Trump for his part at least recognizes the problem he starts out with as the Republican nominee. He has continuously talked about the inequality that accelerated under President Obama and has made a critique of both parties' records that stretches back to the year 2000, when median household income peaked and manufacturing employment started its rapid decline. But his speech in Cleveland dwelled on crime rather than the economy and went on so long that viewers checked out (Trump actually drew a lower television rating than Romney's 2012 acceptance speech).

On the solutions side, Trump is still searching for antidotes. His proposal to revive manufacturing is to renegotiate free trade agreements and potentially apply tariffs. Nearly half of respondents in the InfoScout survey were undecided about this prospect, even though Trump has been talking about it for a year. The follow-through that Trump has described – replacing the trade negotiators and litigating in the World Trade Organization – isn't much of a rallying cry. The rest of Trump's economic agenda, tax cuts and deregulation, are similar to what Romney offered and don't attract lower income voters. Trump needs to win the under-$40,000-income set but is losing it by ten points, according to InfoScout.

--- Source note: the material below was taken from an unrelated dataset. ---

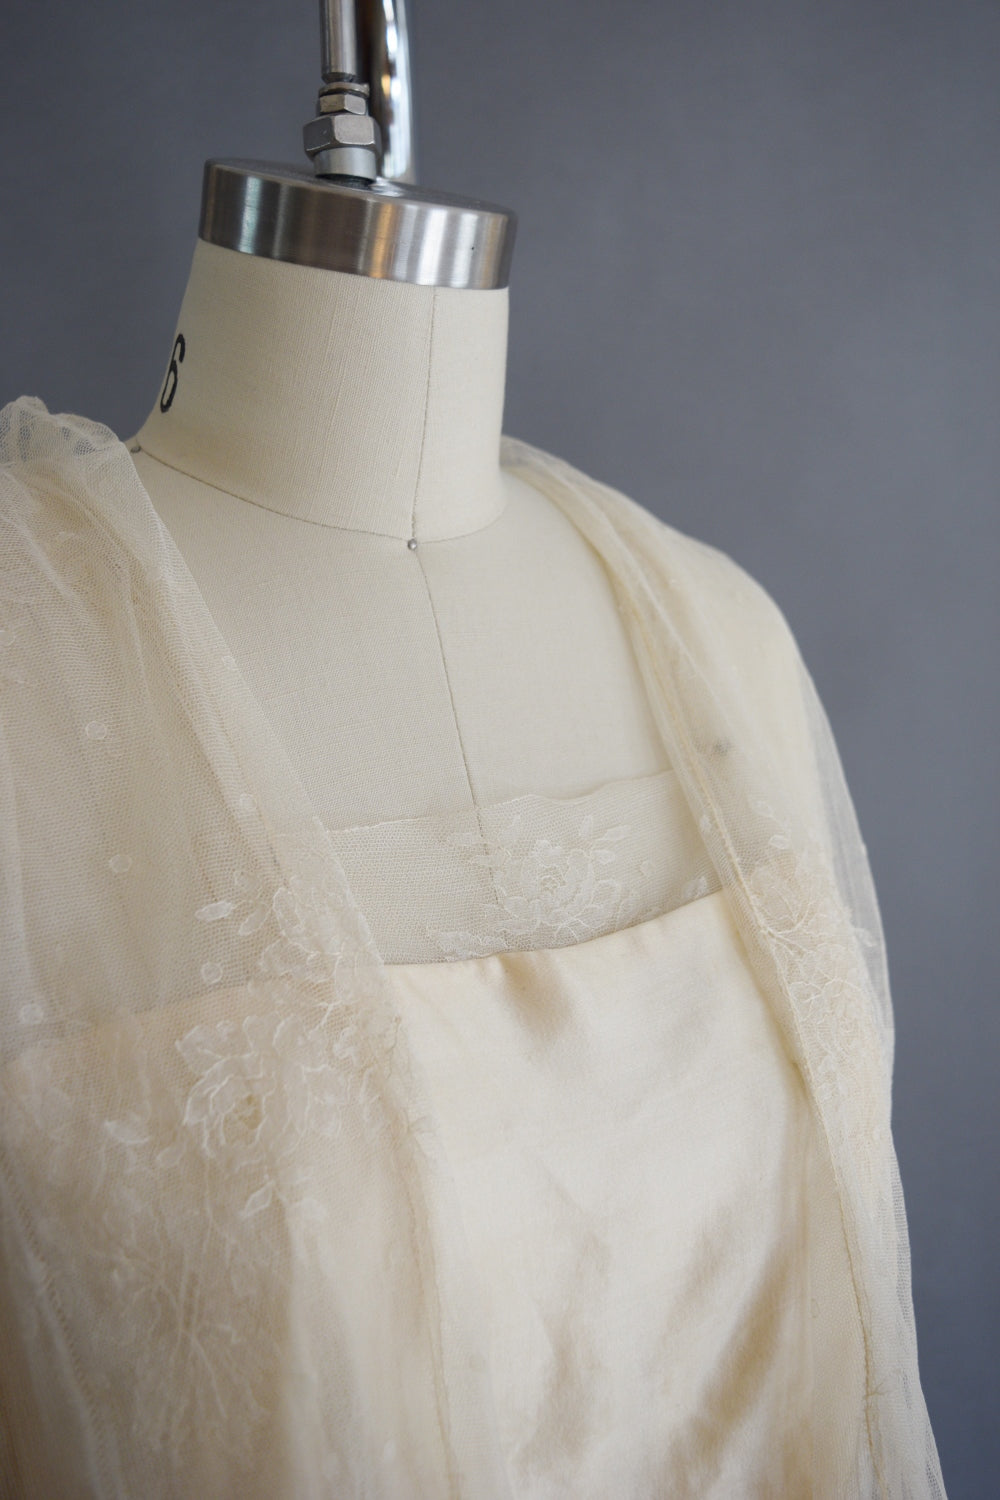 Late 1910s / early 1920s Silk Satin and Lace Couture Wedding Dress  | Antique Wedding Dress | Silk Satin and Lace | Xsmall - Small
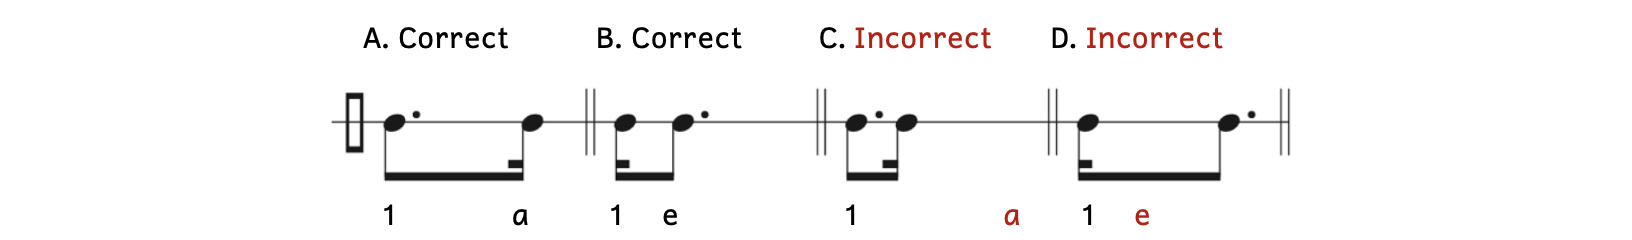 Correct and incorrect examples for writing rhythms. Example A shows the correct way to write a dotted eighth note followed by a sixteenth note. The sixteenth note is written far to the right. Example B shows the correct way to write a sixteenth note followed by a dotted eighth note. The dotted eight note is written very close to the sixteenth note. Example C shows an incorrect way to write Example A. The sixteenth note is too close to the dotted eighth note. Example D shows an incorrect way to write Example B. The dotted eighth note is written too far to the right. The rhythm syllables are written below the example.

The biggest economic problem facing the country is one that no politician talks about: rising prices. In 2012, voters listed rising prices about equal with unemployment as the top economic concern. The jobless rate was 8 percent then but is just 5 percent now. When the same question was asked by InfoScout, respondents chose rising prices as their biggest economic problem by a wide margin. Even though high inflation hasn't occurred, voters are beleaguered by what they have to pay for medical care, clothing, food, and other everyday expenses.

The good news is that Trump has the creativity and willingness for risk-taking to throw the long ball. Instead of merely scapegoating anonymous trade negotiators, he should pulverize the Federal Reserve. Its central bankers created the easy money policy that caused the housing crisis and the persistent rise in consumer prices. Ending the Fed's ability to flood the economy with artificial credit – most of which ends up going to government and big business rather than small borrowers – is a more responsive and credible solution to voters' top economic concern than forging into the byzantine world of trade bureaucracy.

Trump is unlikely to win the election without a decisive edge on the economy. But he's yielding voters' foremost economic problem – rising prices – to Hillary Clinton. He has to battle with her on this new front to avoid his worst nightmare of meeting the same fate as Mitt Romney. Trump is fond of relying on the polls, and that's what this one says.